▸ **TASK STATEMENT**
Among the entries below, retype exactly the lines starting with the one with "Villa Litibu 1" and going on through the one with "Audi audi turkey", but not the pictures.

▸ **EXTRACTED MATERIAL**
++++++++++++++++++++

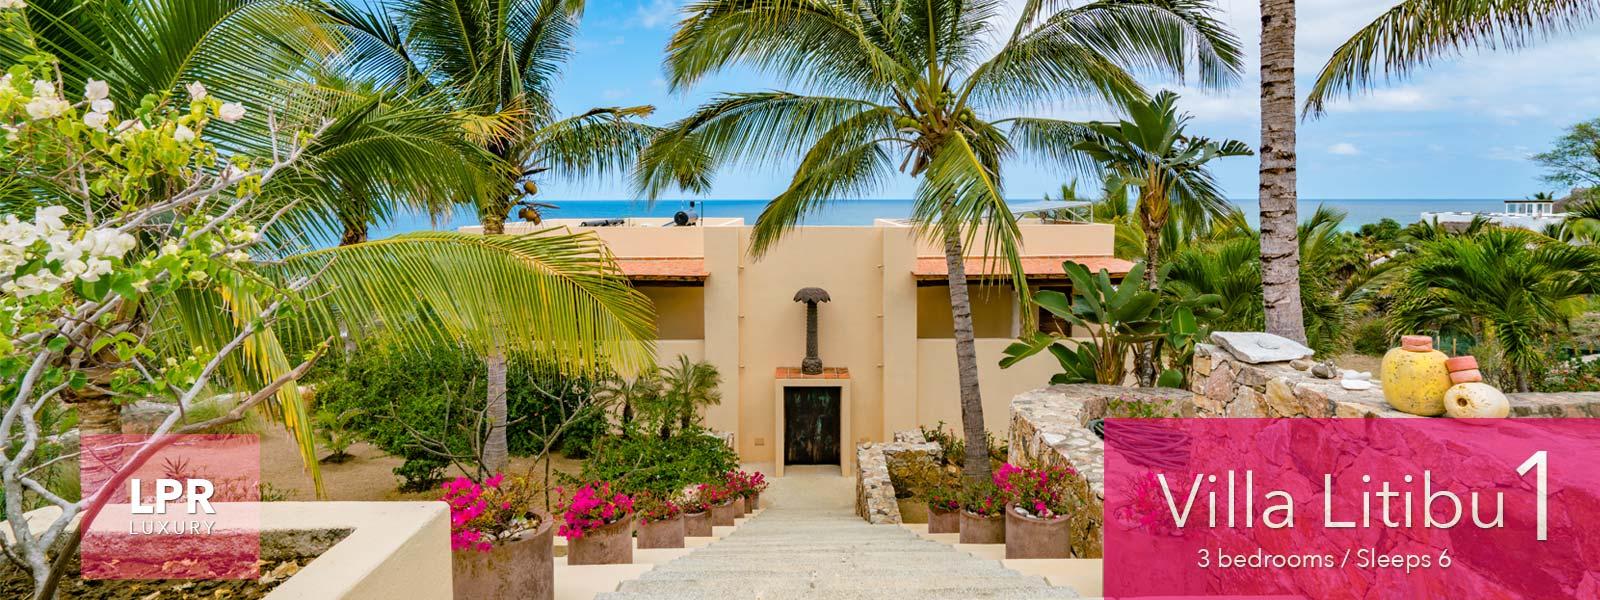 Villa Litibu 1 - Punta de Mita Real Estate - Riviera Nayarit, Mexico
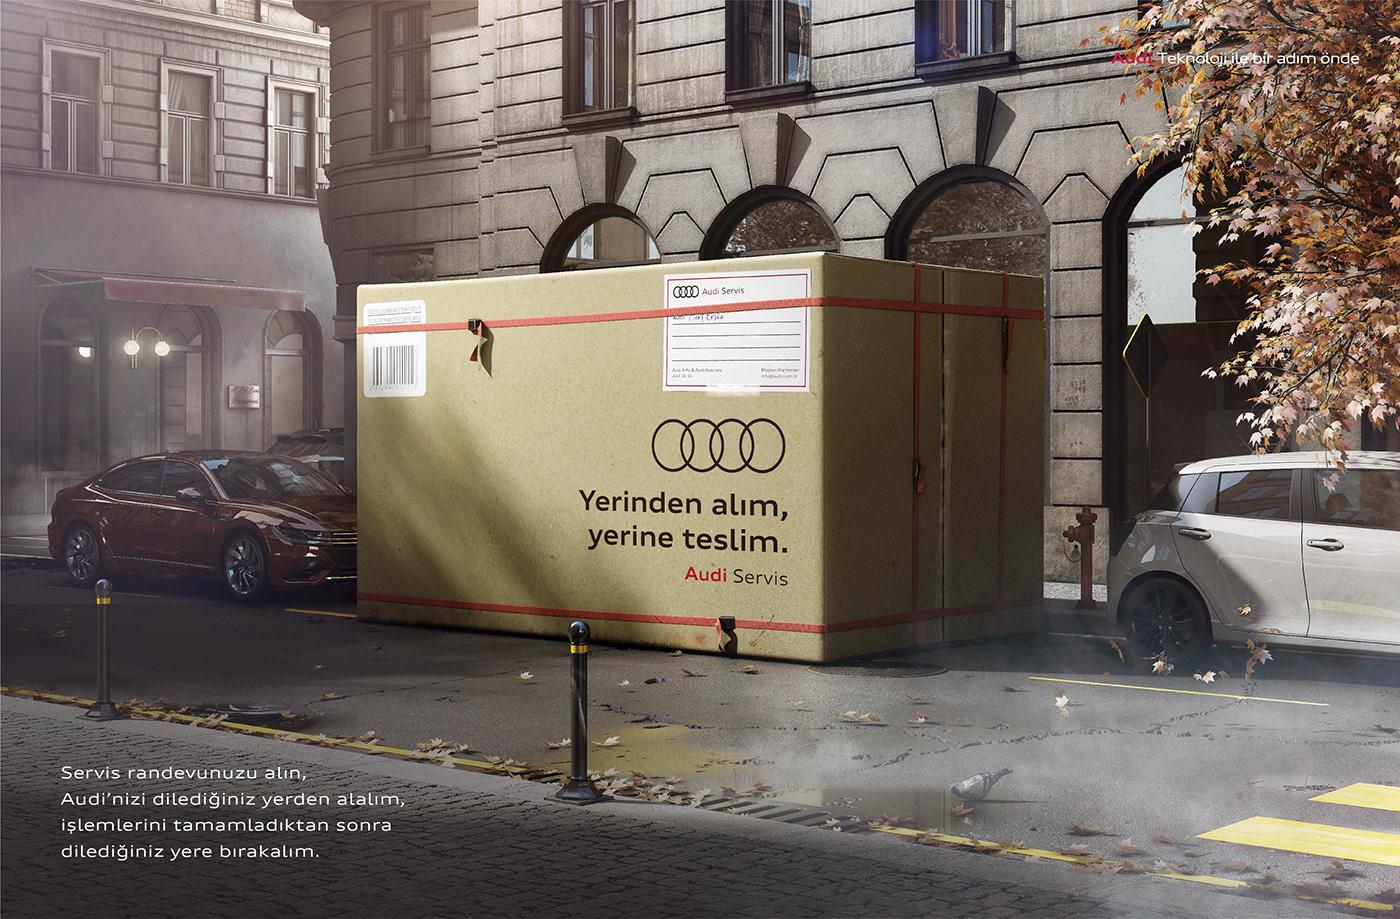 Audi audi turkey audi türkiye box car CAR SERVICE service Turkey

++++++++++++++++++++

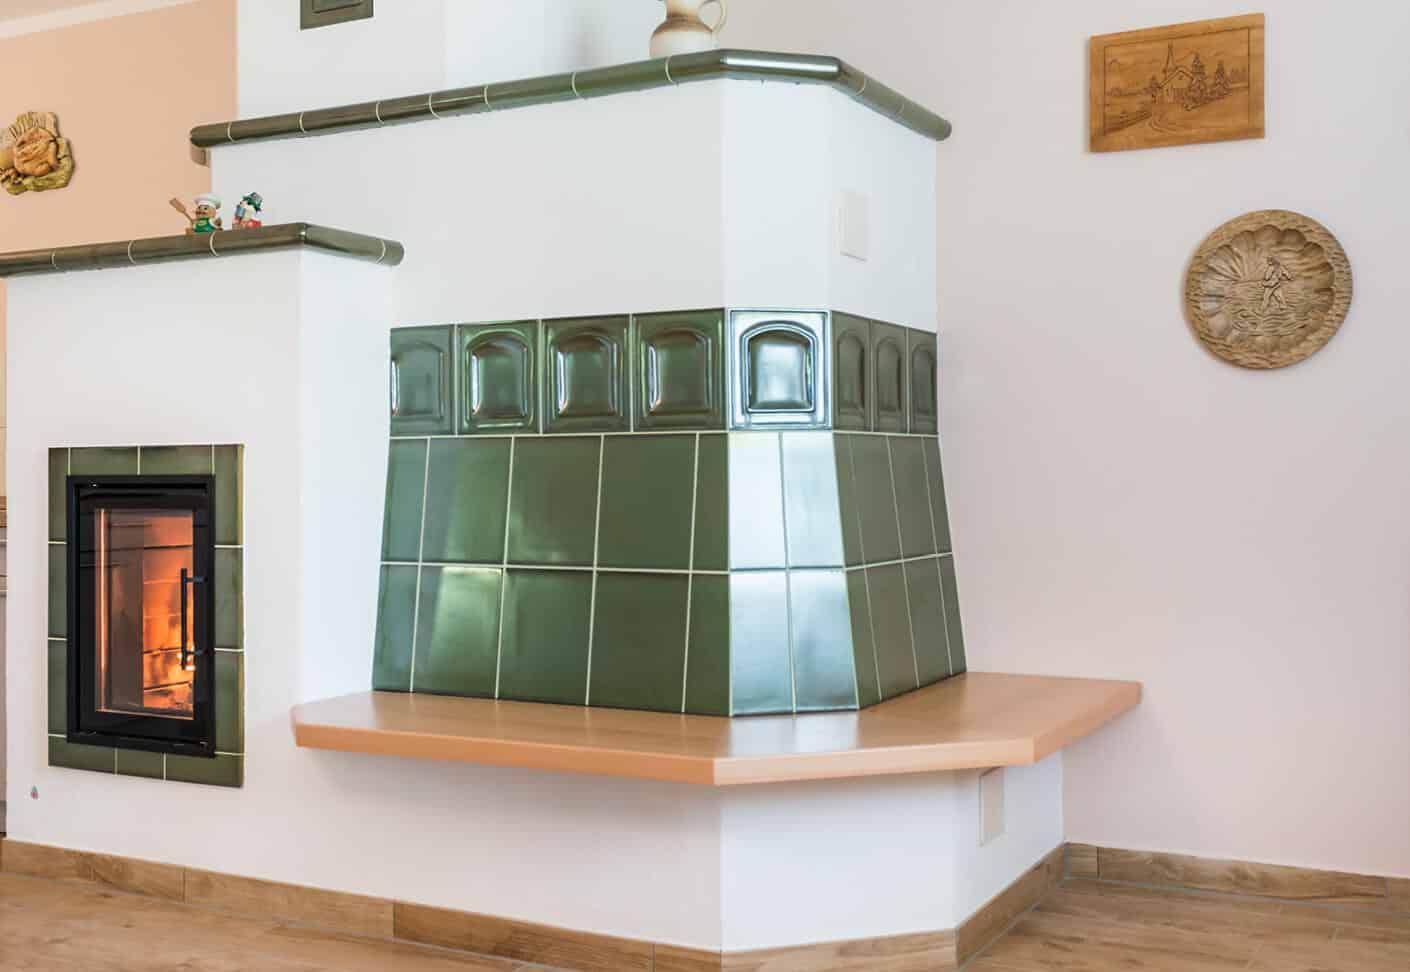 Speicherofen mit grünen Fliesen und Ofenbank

++++++++++++++++++++

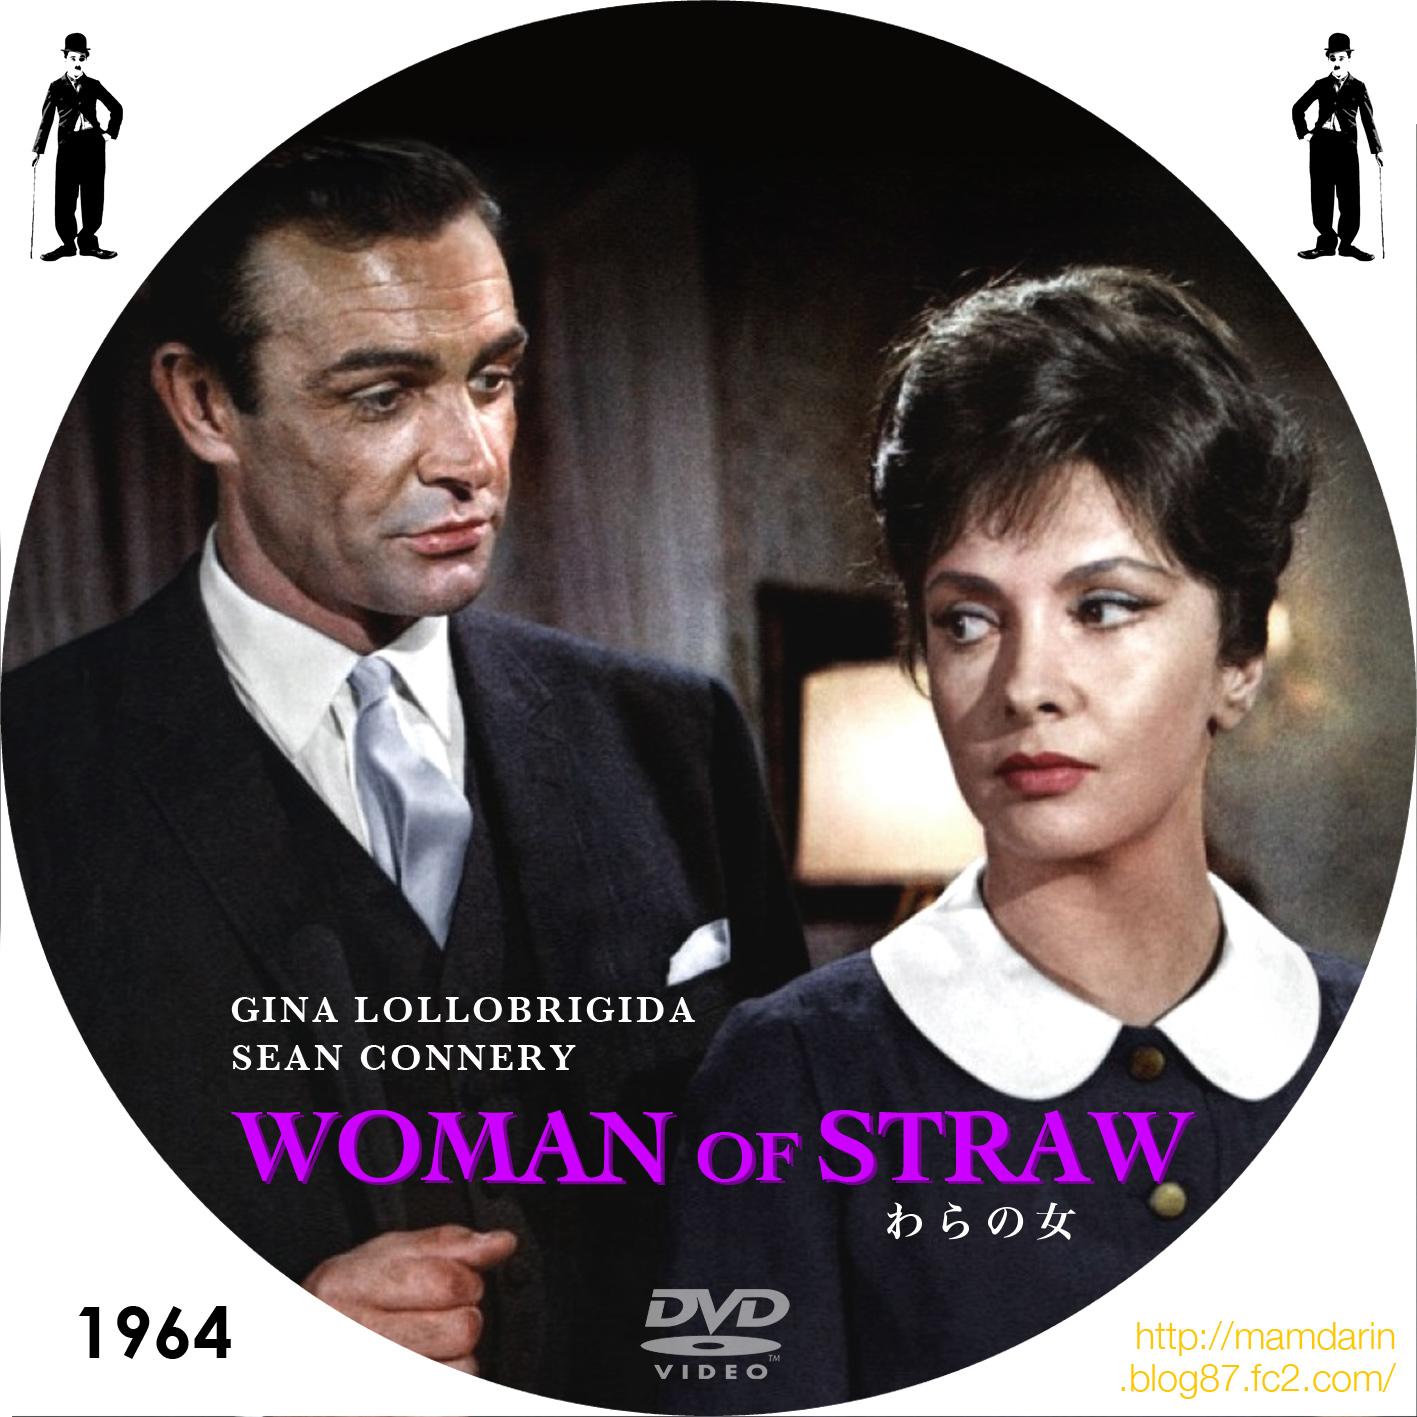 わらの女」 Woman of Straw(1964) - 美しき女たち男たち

++++++++++++++++++++

▸ **ANSWER FOR THE TASK**
 Villa Litibu 1 - Punta de Mita Real Estate - Riviera Nayarit, Mexico
 Audi audi turkey audi türkiye box car CAR SERVICE service Turkey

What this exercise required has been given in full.